Дурман для зверя - Галина Чередий
Шрифт:
Интервал:
Закладка:
Но все это я проглатывала, забивала и шла делать что сказано. Потому что для этого я сюда и пришла — работать. А то, что мне это нисколечки не нравится… ну так мне и надо. Я сама себе нечто вроде наказания за прошлые два с половиной года идиотского бесполезного зависания в нигде, закончившееся тем трындецом в постели с незнакомцем, считай, назначила. Епитимья, блин.

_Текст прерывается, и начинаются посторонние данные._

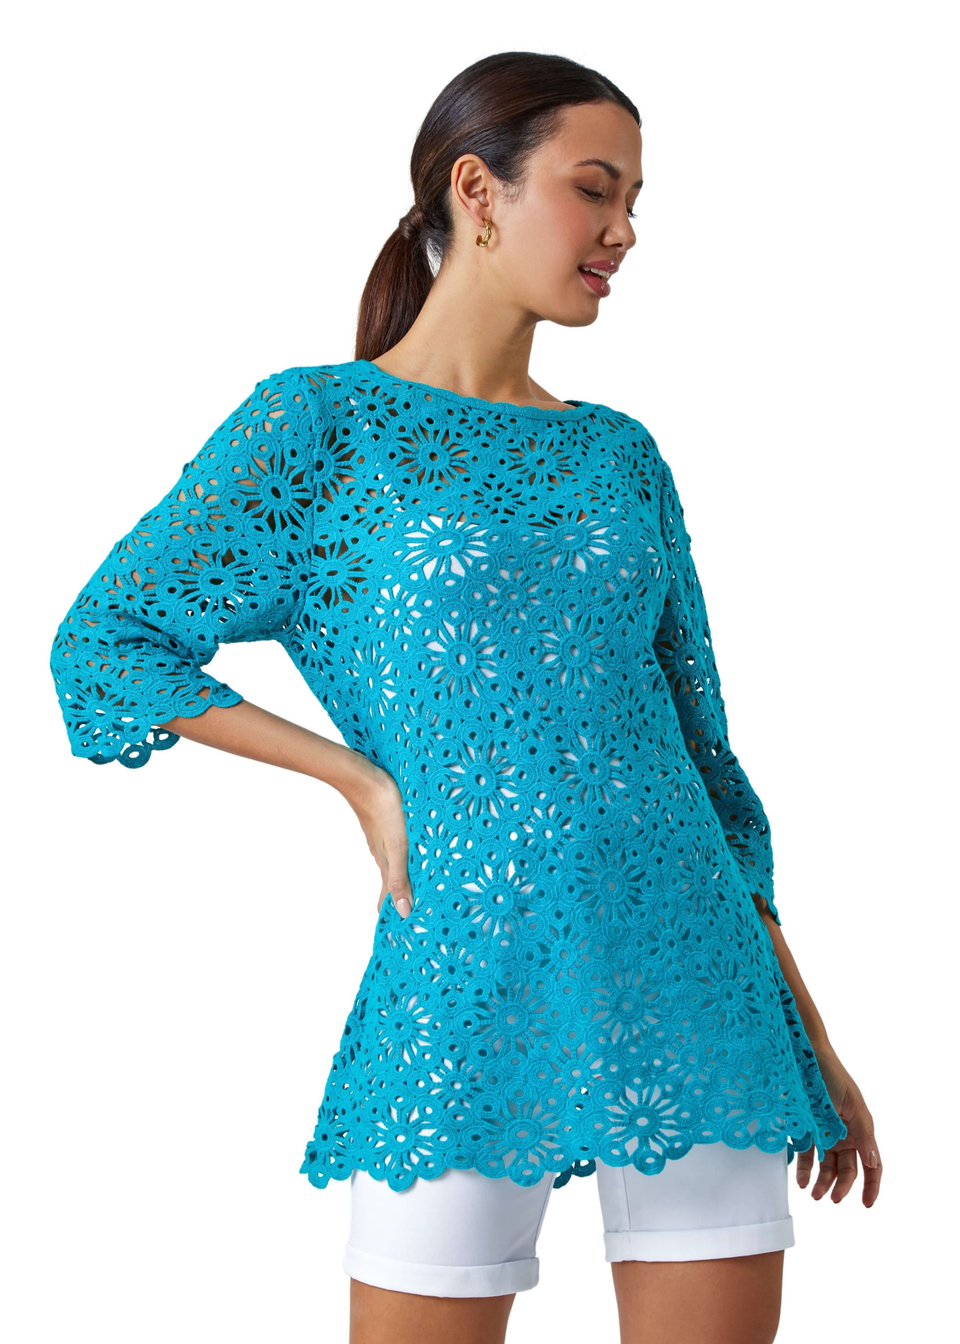 Turquoise Floral Cotton Crochet Top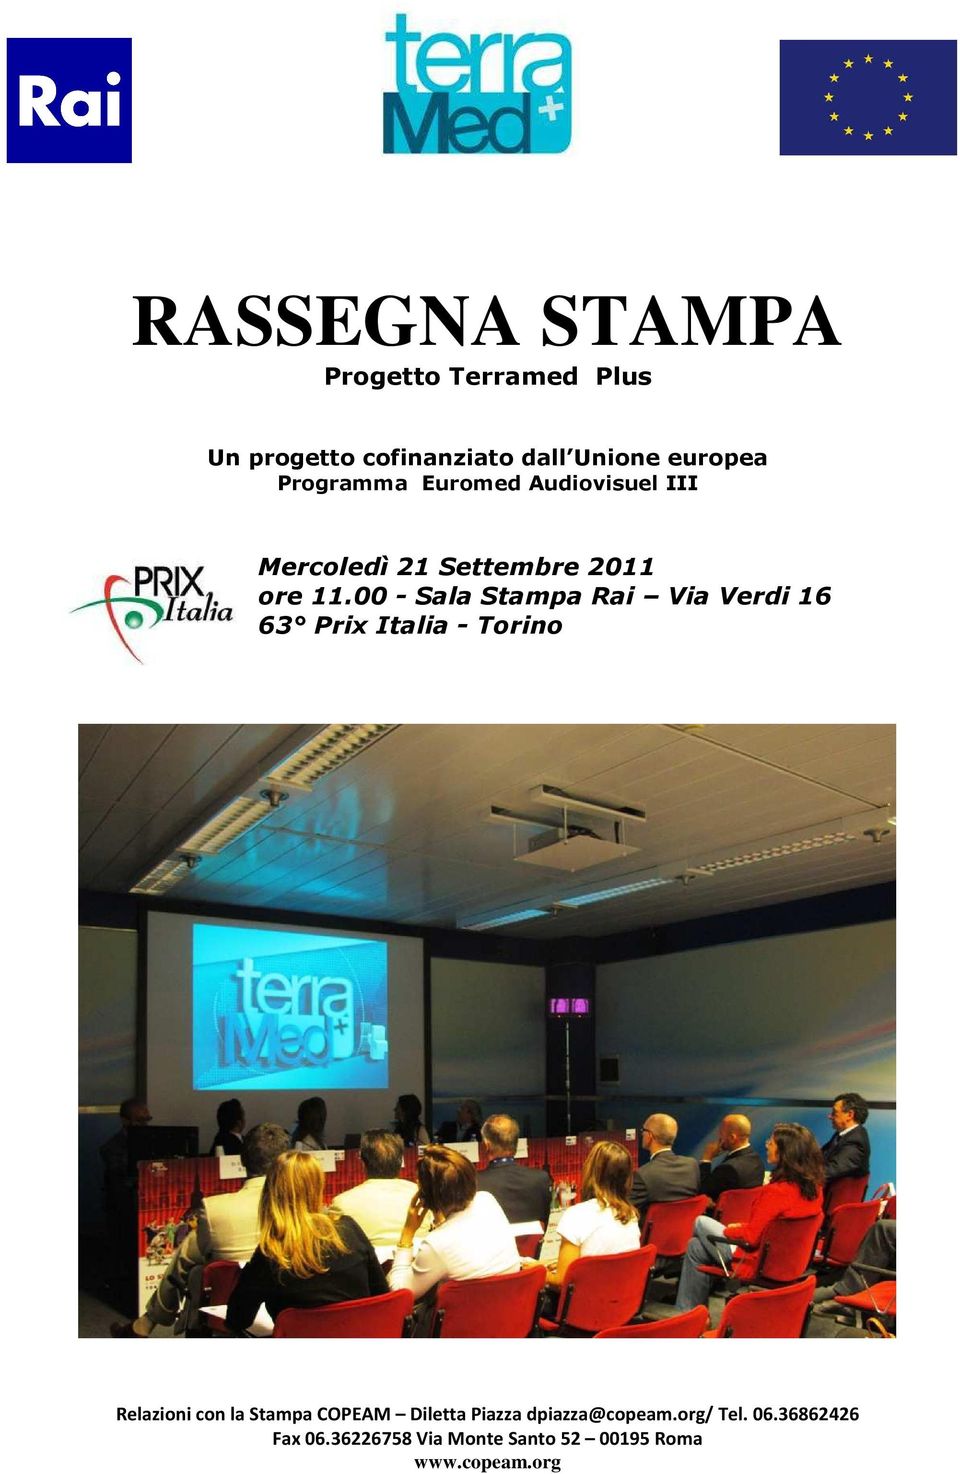 00 - Sala Stampa Rai Via Verdi 16 63 Prix Italia - Torino Relazioni con la Stampa COPEAM

Ведь когда мы, компания из трех друзей не разлей вода с младых соплей, приехали из нашего мухосранского деревенского захолустья сюда, в столицу, то нас только что пополам не разрывало от великих планов и предвкушения сбытия мечт. Видели себя охеренно успешными, правда, толком не зная в чем. Не, а кто бы на нашем месте не счел себя какими-то «не ровня всем» счастливчиками, когда к концу выпускного класса свалилась такая новость? Родная тетка нашего Сазана, всеми давным-давно записанная в старые девы, что стопятьсот лет назад уехала из глухомани учиться в Москву, да так никогда и не вернулась, отхватила себе мужа. И не абы какого, а иностранца, и отваливает с ним куда-то в Европы насовсем, а однокомнатную квартиру, которую она получила когда-то, оставляет своему племяннику. Типа, живи, учись, будь молодцом. Ну а как повелось с детсадовских времен — где Сазан, там и мы со Шмелем и Мелкий, друг без друга никуда. Хоть сарай брошенный спалить, хоть все лето на грибах и ягодах не разгибая спин впахивать, чтобы заработать Сазану-умелые ручки, на раздолбанную «шестерку», что потом и увезла нас с барахлом в счастливое завтра. Превратившееся в долгое-долгое болото, где ничего не менялось.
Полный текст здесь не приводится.